On my way out, he said, “Give Darla a kiss for me.”
“You can do it yourself soon enough,” I tried to cheer him up, “when they let you out of here.”
~ ~ ~
Griffin’s wife and sister were in Griffin’s room as I made my rounds. The sister, Rachel, said they had grounds for a massive lawsuit. The wife – Dina, or something, I’ve already created a mental block – was on the phone the entire time, talking to lawyers, glaring at me like an uninvited guest.
I timed it right and caught Griffin while he was awake. Lying in bed, looking like hell – as people generally do when deathly ill – Griffin was pleasantly surprised to see me.
He gestured for me to come close. He could barely talk but felt the need to confide in me.
“I was hoping after all that radiation,” he said between gasps, “I would have superpowers. You know, like Spiderman?”
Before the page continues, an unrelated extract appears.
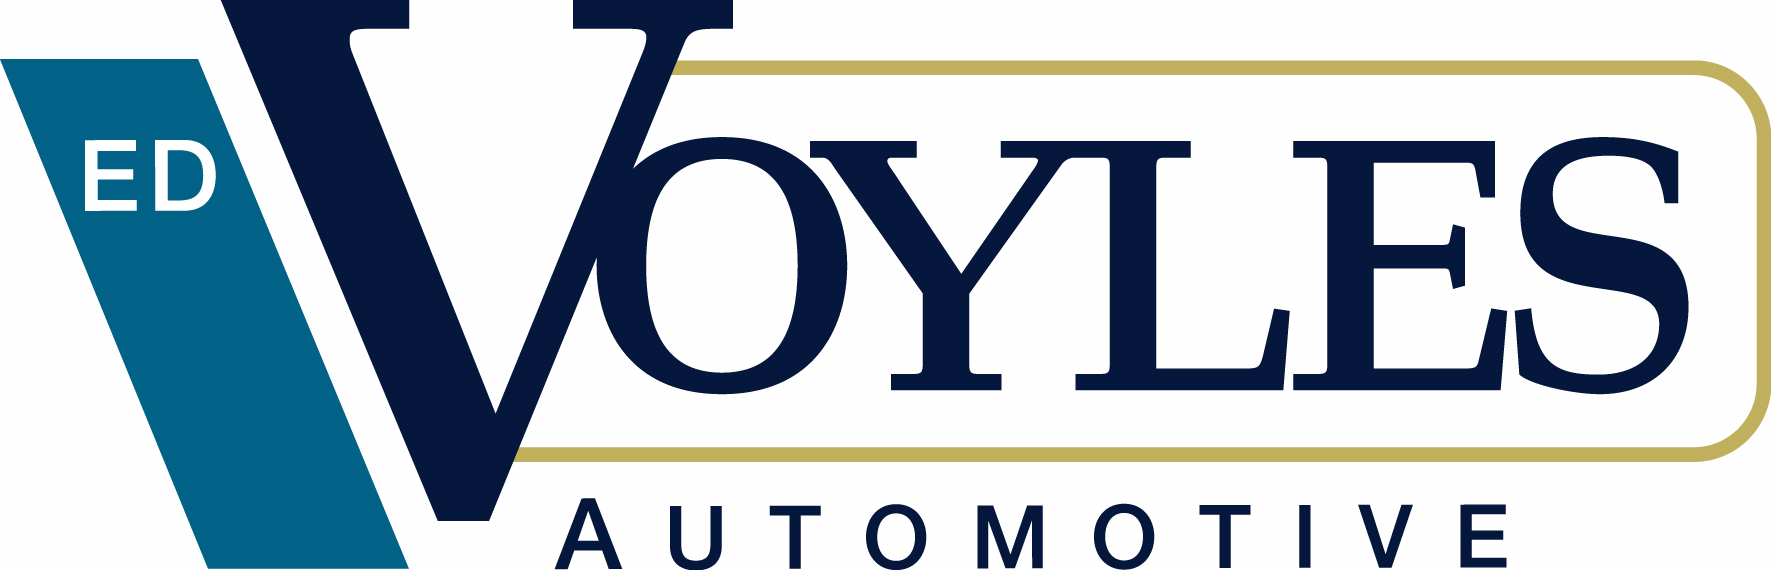 Ed Voyles Automotive Group

He then laughed so hard that his monitors began to shriek and nurses came rushing into the room.
“What did you do!?” the wife out-shrieked the alarms.
“Nothing,” I shrugged. “He told a joke, started laughing, and you saw the rest.”
She gave me an evil look, turned away and resumed her phone conversation.
Rachel had driven all the way from Colorado to be with her brother in his final moments. She said a line from one of his songs kept popping into her head: “Scatter my ashes where the road meets the sky.”
She hoped to quote several such lines when the time came. I agreed it was a great line, and said I wanted to participate, if possible.
The wife turned back and glared at me. I could feel her staring holes through me but never looked up to acknowledge it. Now, every time her image or voice creeps unwanted into my thoughts, I imagine her surrounded by flying monkeys, and finishing every sentence with “and your little dog, too!”
Rachel and I exchanged numbers. I said it was a pleasure to meet her. His wife and I pretended each other didn’t exist.